Those competencies related to success in international assignments have also been the subject of some considerable research and discussion (Engle, et al., 2001; Hechanova, Beehr, & Christiansen, 2003; Mendenhall, Kuhlmann, Stahl, & Osland, 2002; Mendenhall & Oddou, 1985; Thomas, 1998). In the global leadership field, the competencies of inquisitiveness, personal character, flexibility of thought, business savvy, empathy, openmindedness, behavioral flexibility, tolerance for ambiguity, curiosity, cognitive complexity, reflectiveness, and learning capabilities have been found to be critical for working well globally (Mendenhall, Kuhlmann & Stahl, 2001; Mendenhall & Osland, 2002; Osland, Bird, Mendenhall, & Osland, 2006).

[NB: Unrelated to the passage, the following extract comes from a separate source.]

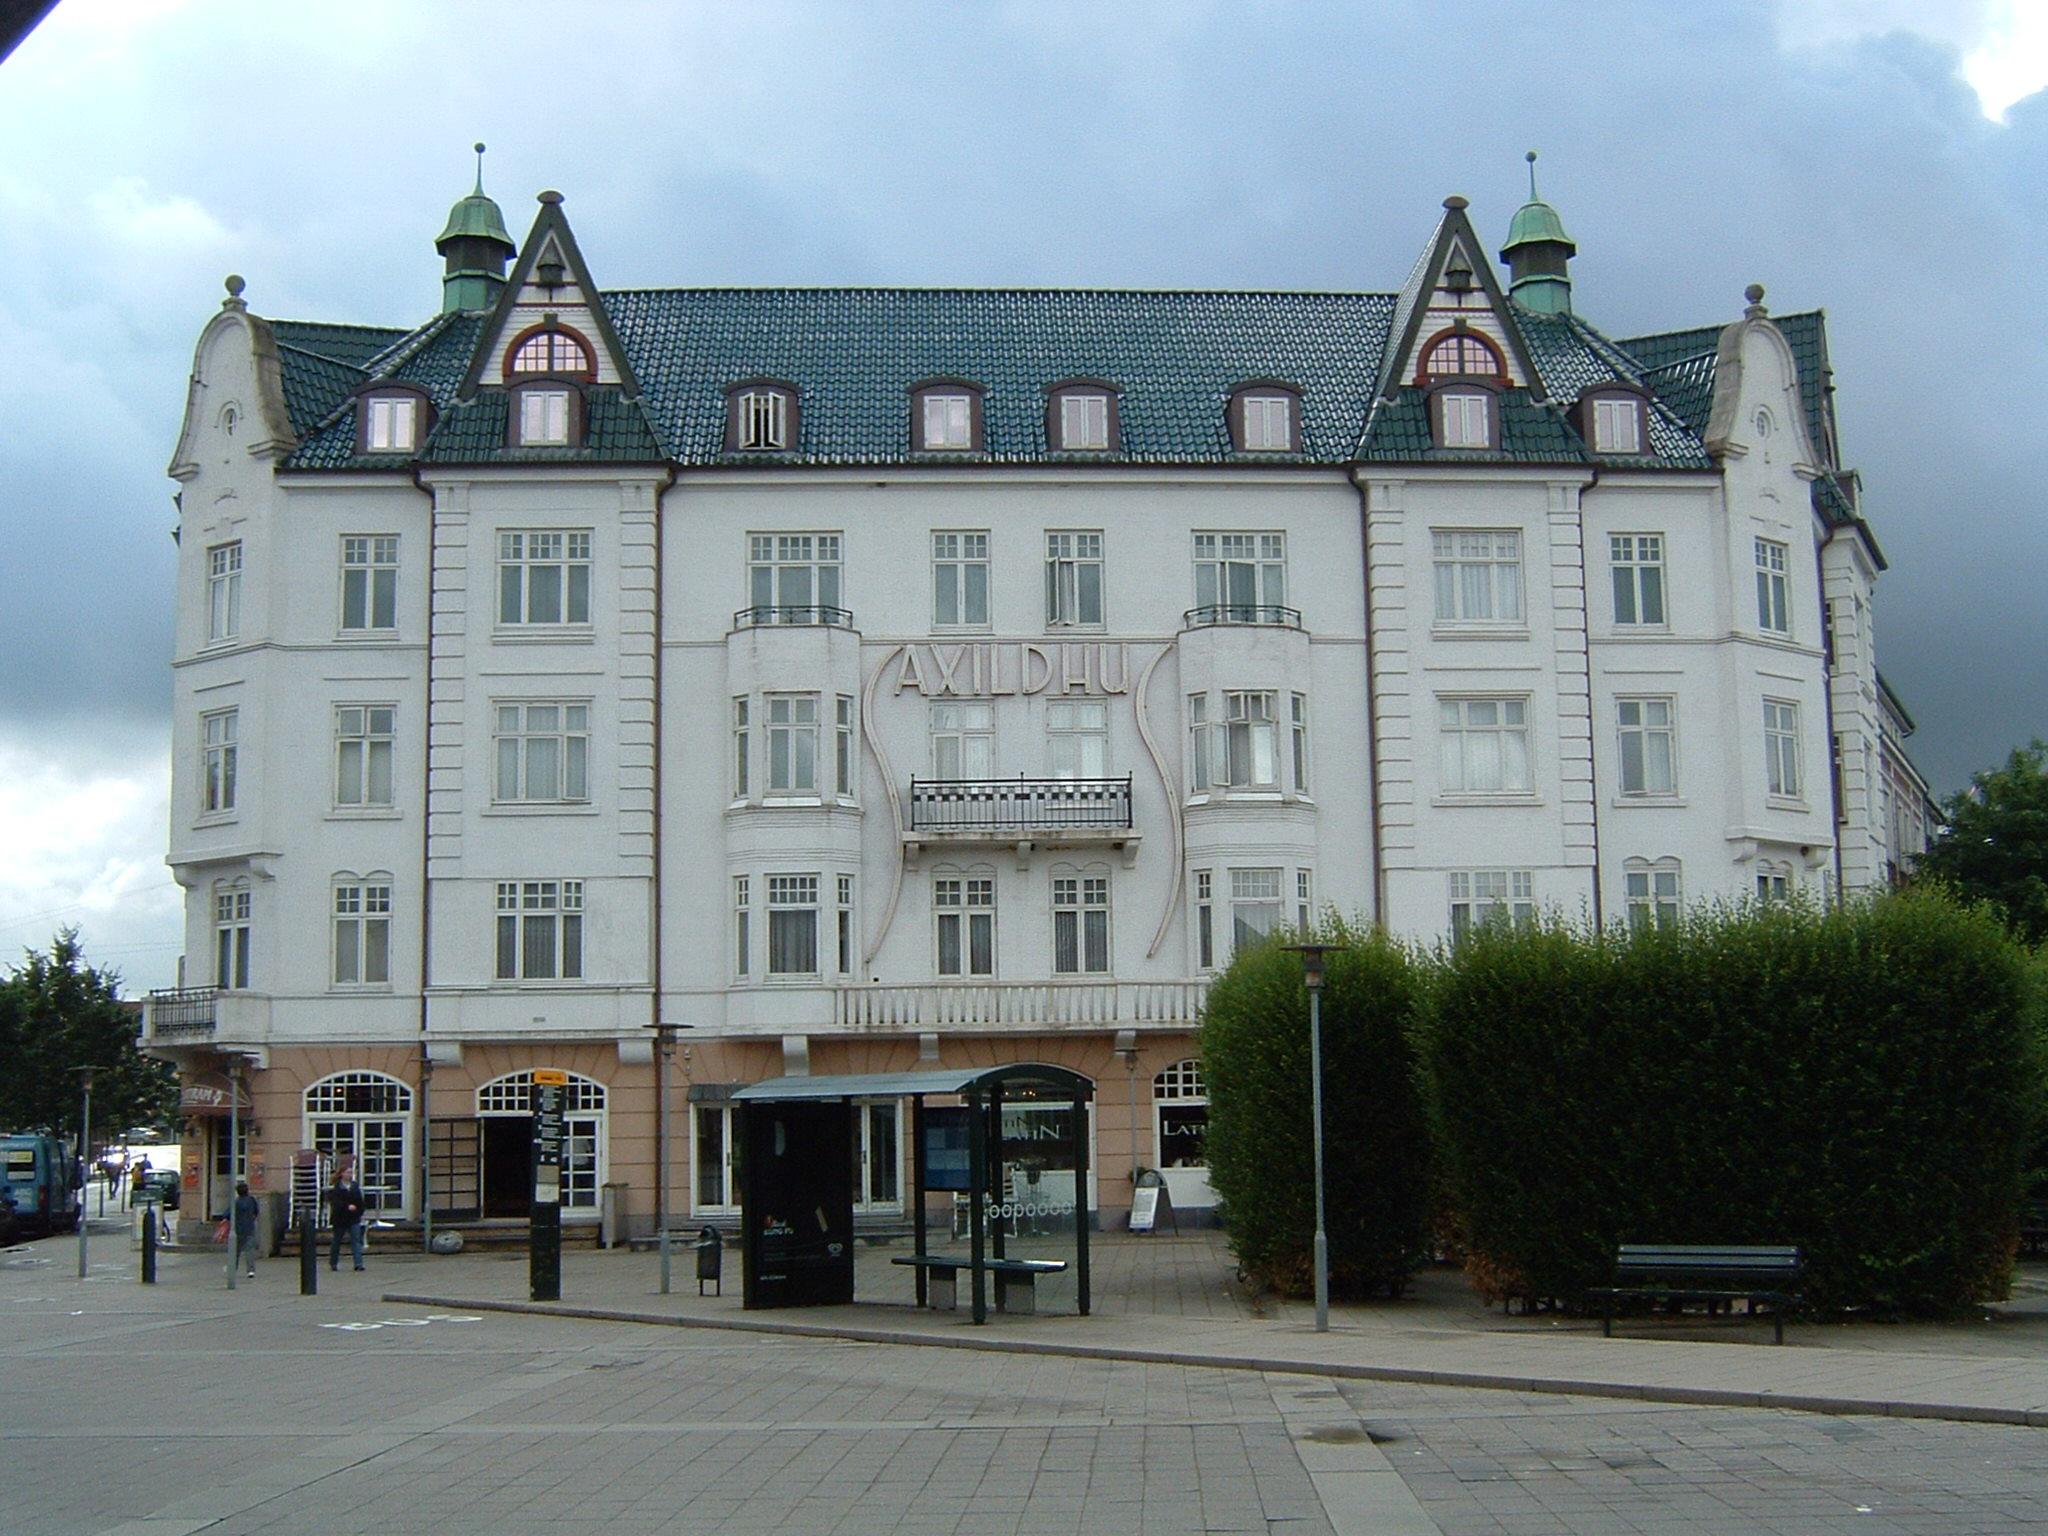 Danish Inns, Hotels & Manors

A review of global leadership competencies by Jokinen (2005) concludes with a tri-level model consisting of 1) “core” qualities (self awareness, engagement in personal transformation, entrepreneurial spirit, inquisitiveness); 2) “desired mental characteristics” (optimism, self regulation, social judgment skills, empathy, motivation to work in an international environment); and 3) concrete “behavioral” competencies ( social skills, networking skills, technical knowledge, knowledge of people and cultural differences, and – germane to our subsequent presentation – the knowledge of organization and the knowledge of business). Knowledge of organization is “knowledge of worldwide organization (Black, et al., 1999), total organization astuteness, recognizing the key . . . processes, systems, procedures and methods , , , linking activities . . . [and] . . . an awareness of . . . strategic roles of different business units and competitive advantage world wide . . . “ (Jokinen, 2005: 210). Knowledge of business is described as “knowledge of international business issues . . , coping with the interdependence of business activity around the world . . . understanding business systems . . . , recognizing business opportunities around the world (Black, et al., 1999), . . . staying abreast of world standards of competition and knowing what it takes to match and beat those standards . . . understanding the global nature of one’s business and being able to analyze current trends/market conditions . . . “ (Jokinen, 2005: 210). The author concludes the review with a discussion of the critical importance of direct experiences in a wide range of international assignments in order to develop these competencies.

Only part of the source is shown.